The CCG appears to favour a new model of care that has been subject to limited testing, with little hard evidence that it improves the service to patients.
The Conservative group are not convinced by the scant evidence provided after their requests for more detail and are nervous of the CCG’s reliance on a notional target of county hospital beds, regardless of variations in proven need.
Blunt instrument
They want to know more about the 80 clinicians the CCG claims to be in support of the new model. And they are sceptical of a ‘blunt instrument’ approach to treatment, especially when many elderly patients have dementia in addition to multiple clinical problems.

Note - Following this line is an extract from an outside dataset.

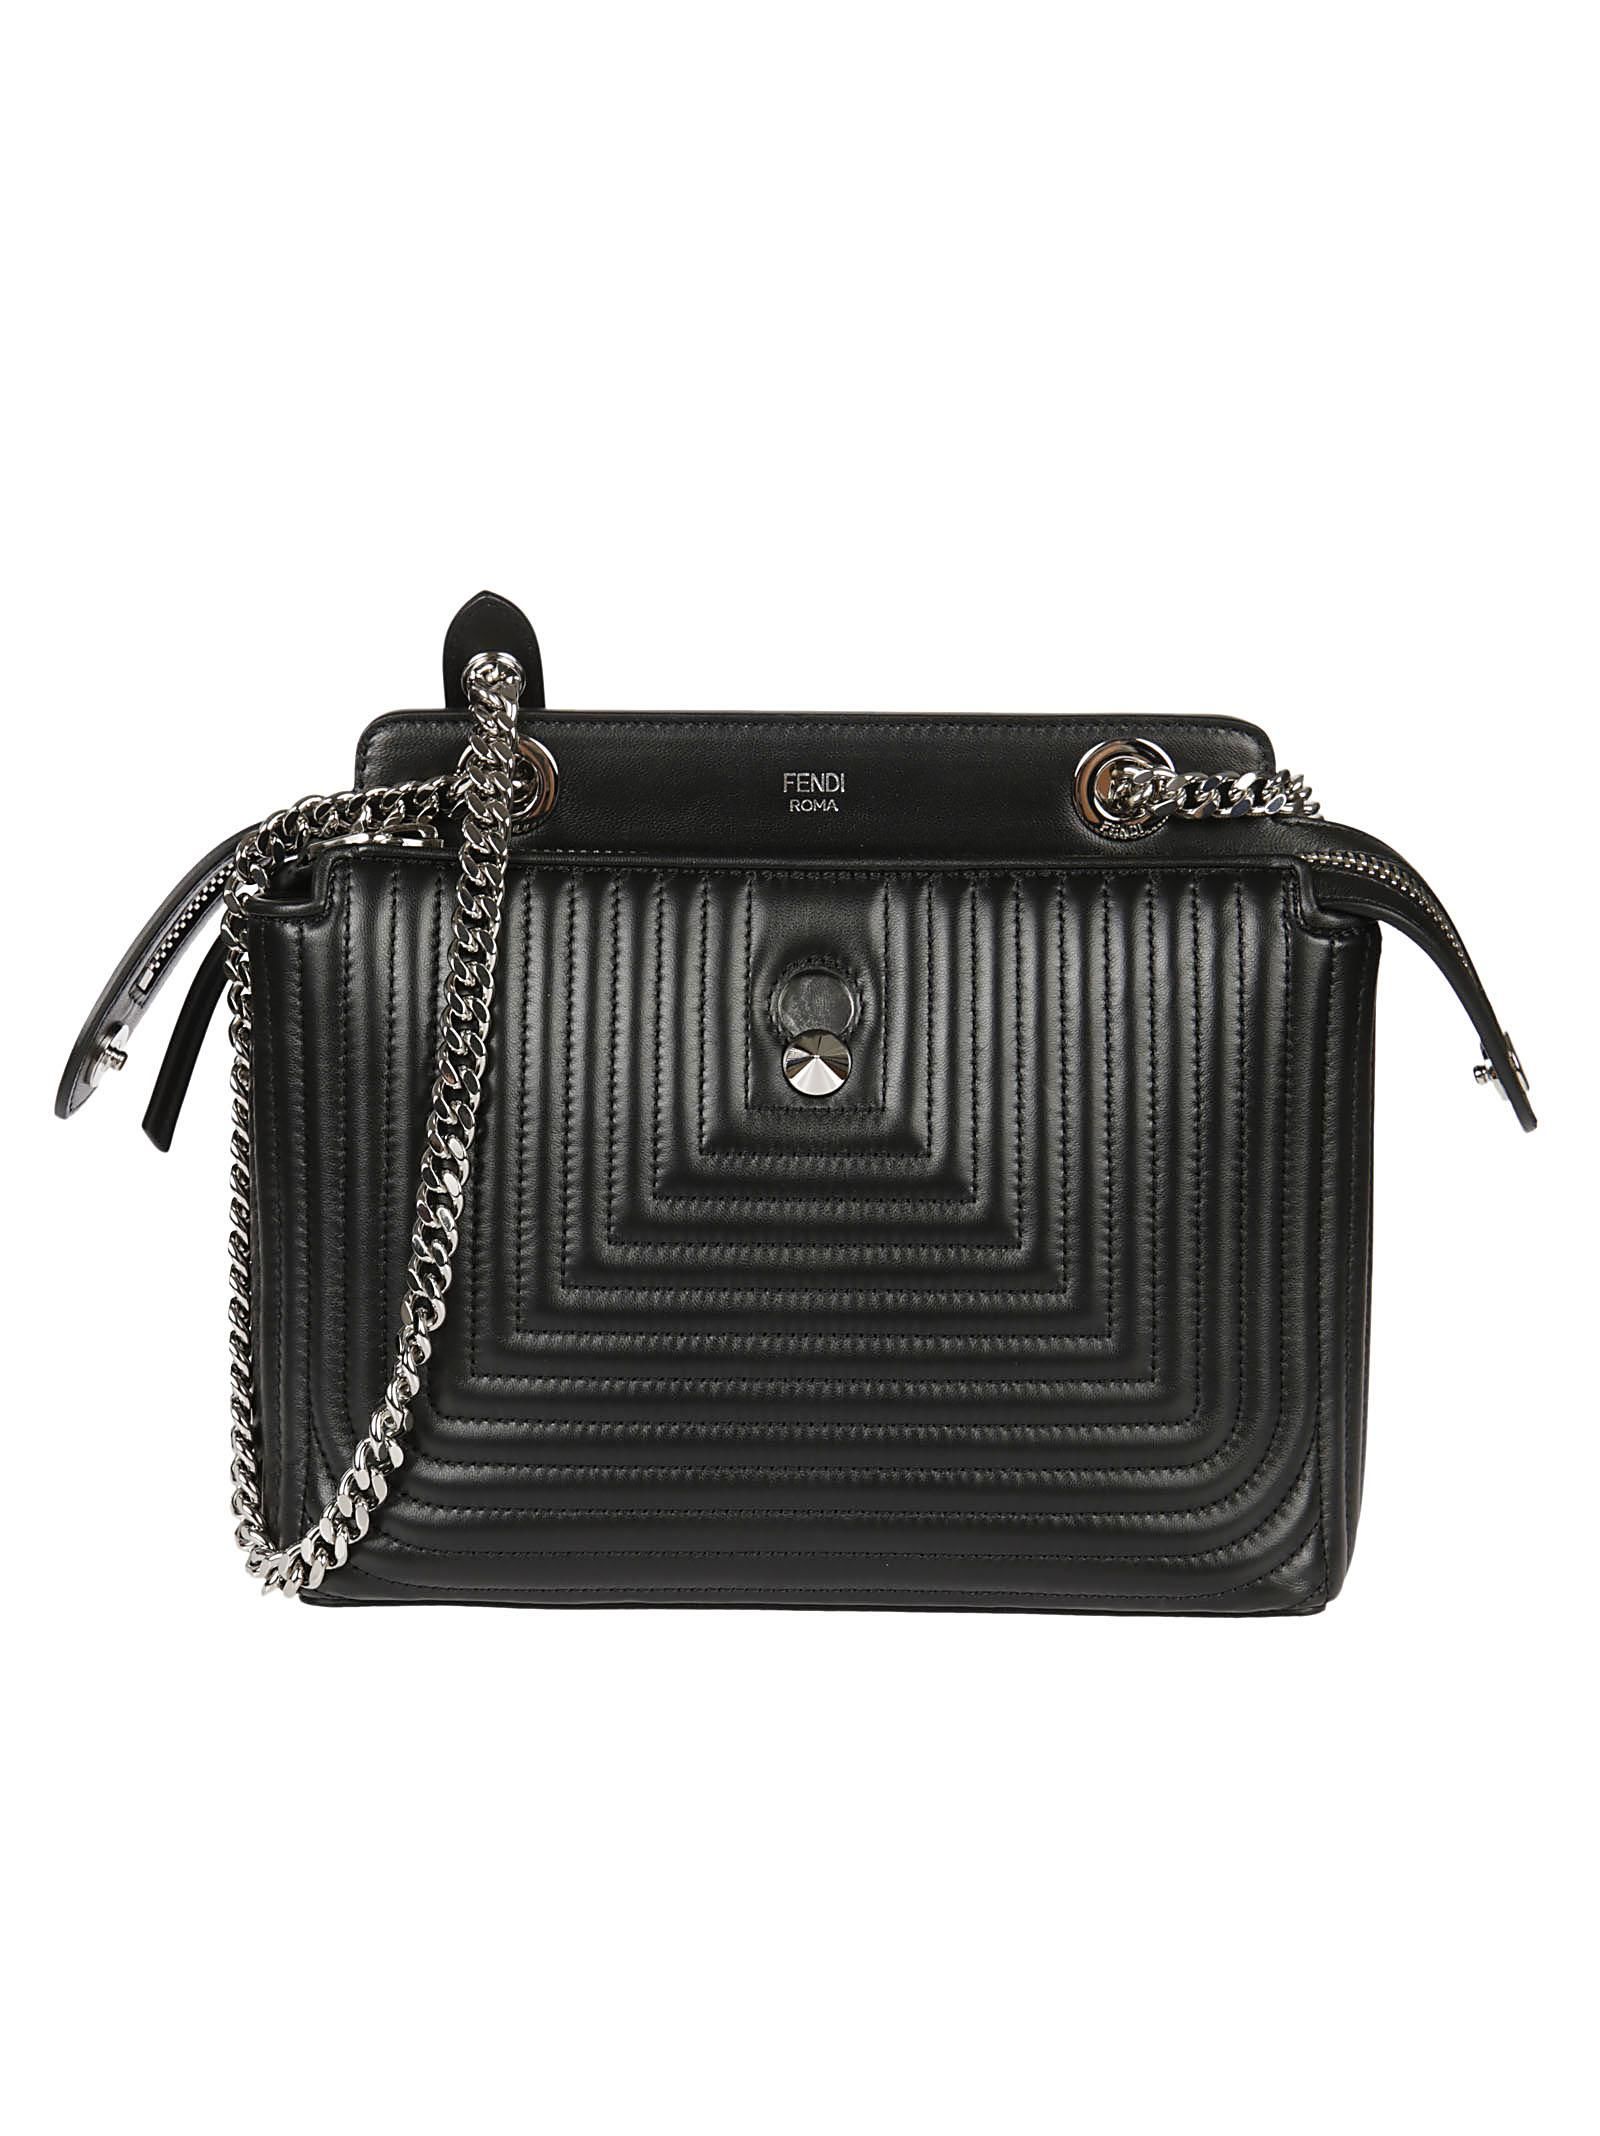 FENDI Dotcom Click Small Quilted Leather Shoulder Bag in Black | ModeSens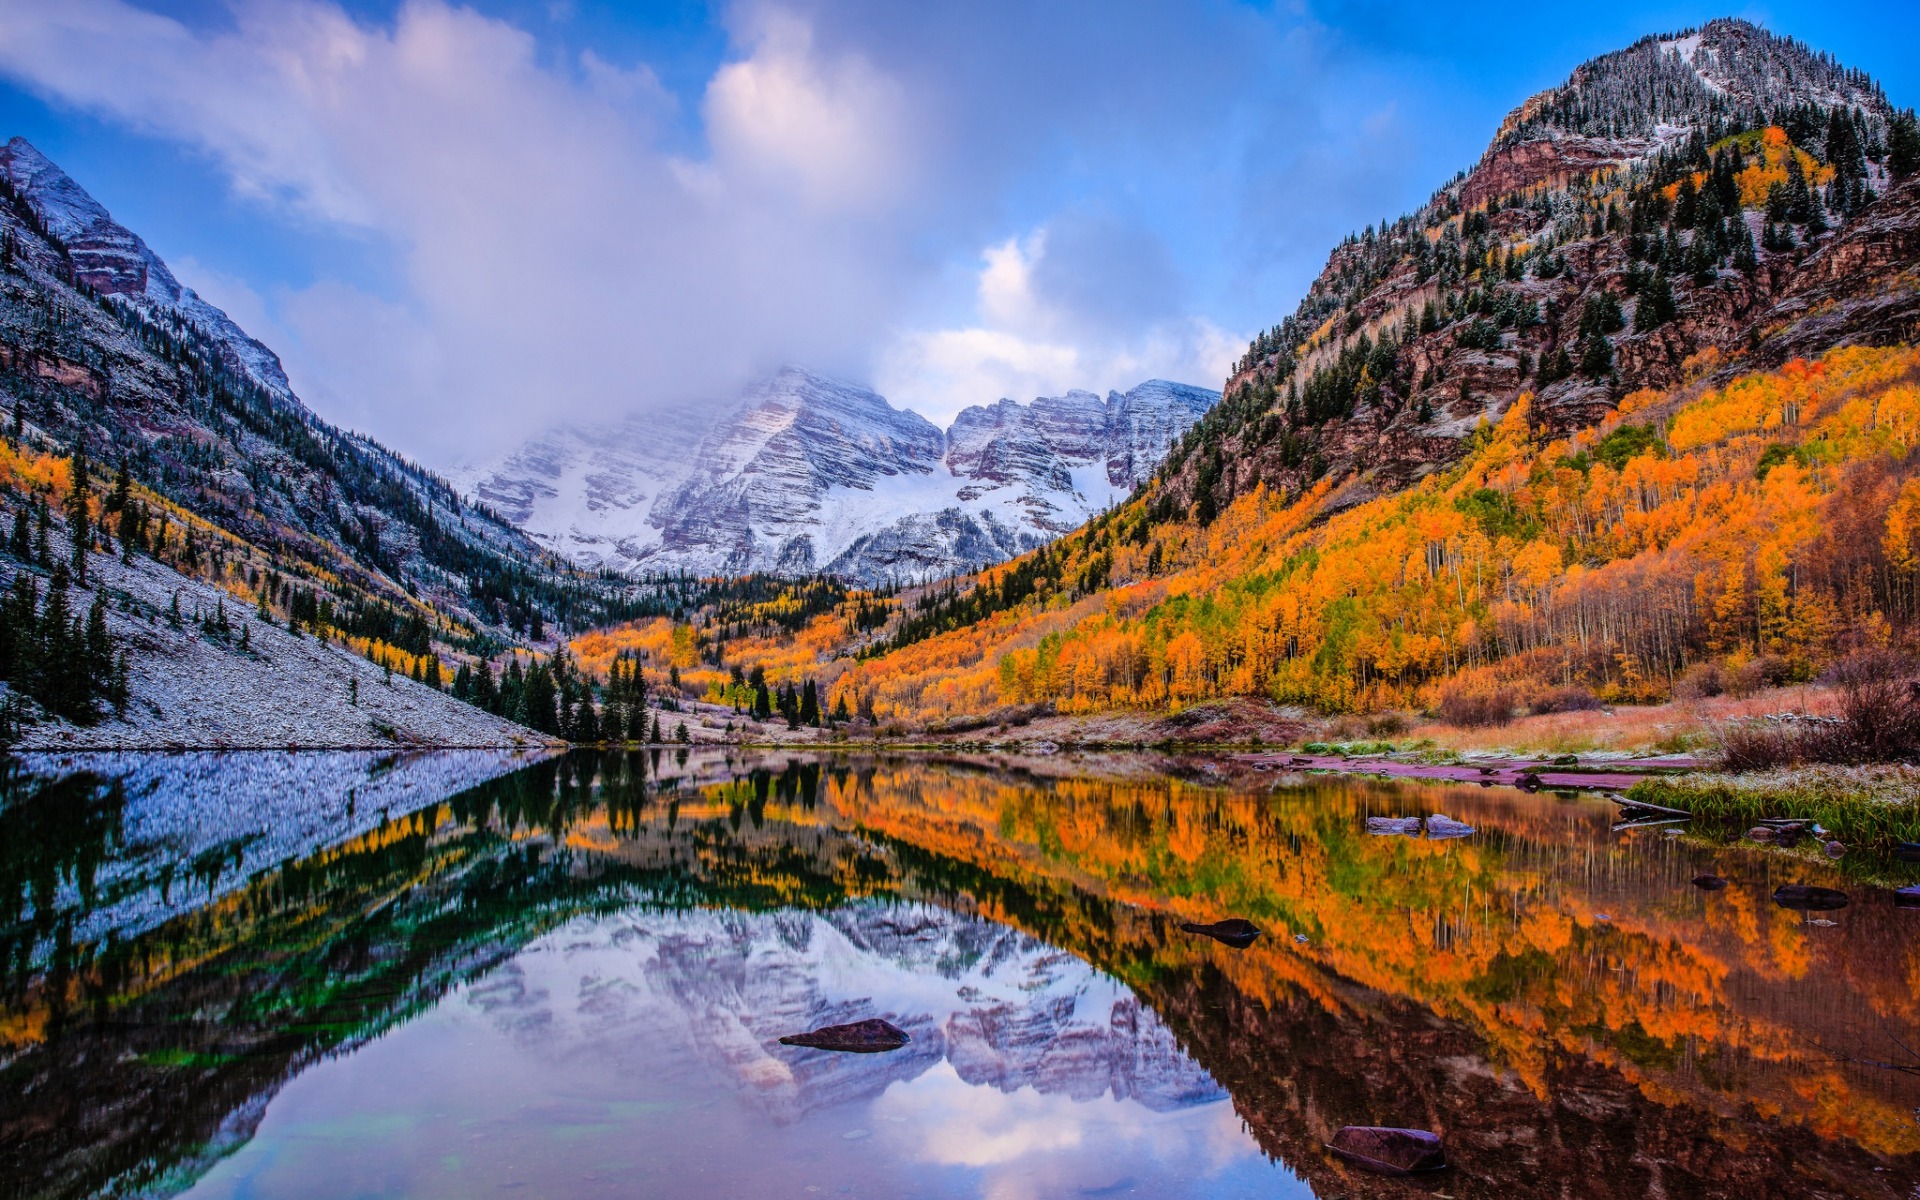 Download wallpaper Maroon Bells, mountain lake, autumn, mountains, Aspen, Colorado, USA, North Maroon Peak, Maroon Peak for desktop with resolution 1920x1200. High Quality HD picture wallpaper

Finally, the Conservative members contest that many areas in East Devon appear to have a reducing stock of nursing and residential home beds. This only aggravates the situation, because these beds are often required in the short or long-term for patients stuck in hospital.
Phil Twiss, Conservative Group Secretary, said: “Some people want to boycott this consultation process – but that won’t help anyone. We believe constructive feedback is the best way.
“We all agree that bed-blocking is a serious issue and we also accept that the clinical commissioning group need to save money. The question is how should they go about it so as to deliver results without making the situation worse.
“We feel that they have the solution the wrong way round. They want to move to a care-in-the-home model at a time when the resources just aren’t there to support that model. It might be the right approach in theory, but it will only work in practice if the social care infrastructure is robust enough to take the strain – and it is not.
Panic measures
“We’re not convinced that the new model has delivered the right standard of success in trial areas and we don’t believe it can be rolled out across other parts of the county until the necessary support structure is in place. And we should not be moving to a new model as a panic measure to solve a funding shortfall that could be tackled by other means.
“For example, a lot of money can be wasted on high-cost agency staff who appear to be a short-term emergency man-power fix but all too often are relied upon as part of the workforce establishment.
“We don’t know whether the budget shortfall was perhaps caused by wasteful practices that are still in place, and so we don’t know whether the CCG could find alternative ways to save money. What we do know is that their current proposals are unconvincing and ill-advised”.
East Devon Conservatives will be responding to the CCG consultation with their views and will be calling on the commissioning group to think again.
ENDS
SO, are they for cuts or against them? A dangerous business deciding which bit is truth and which bit is post-truth!
JARGON BUSTER…
“Post Truth” is obviously a euphemism for “lie”.
This is like calling “a male bovine excrement moving utility tool” by a more obvious term “a spade”.
LikeLike
I think our local Conservative councillors need to be more careful about how they vote and what they say. It’s only a few days since some of them vetoed an amendment to a motion at EDDC and a motion at DCC’s scrutiny committee to criticise these plans. Are they having this change of heart because the public are starting to notice what they are doing and there are always elections to worry about? (County Council elections next May) Even the LibDems at EDDC are hiding behind the tory majority group.
The dismantling of the NHS, privatisation and the future exclusion of those too expensive to treat are all down to this government (oh, and in coalition with the LibDems!). The old NHS is already dying, you’re witnessing the final throes now. Get out and campaign to save it before its too late.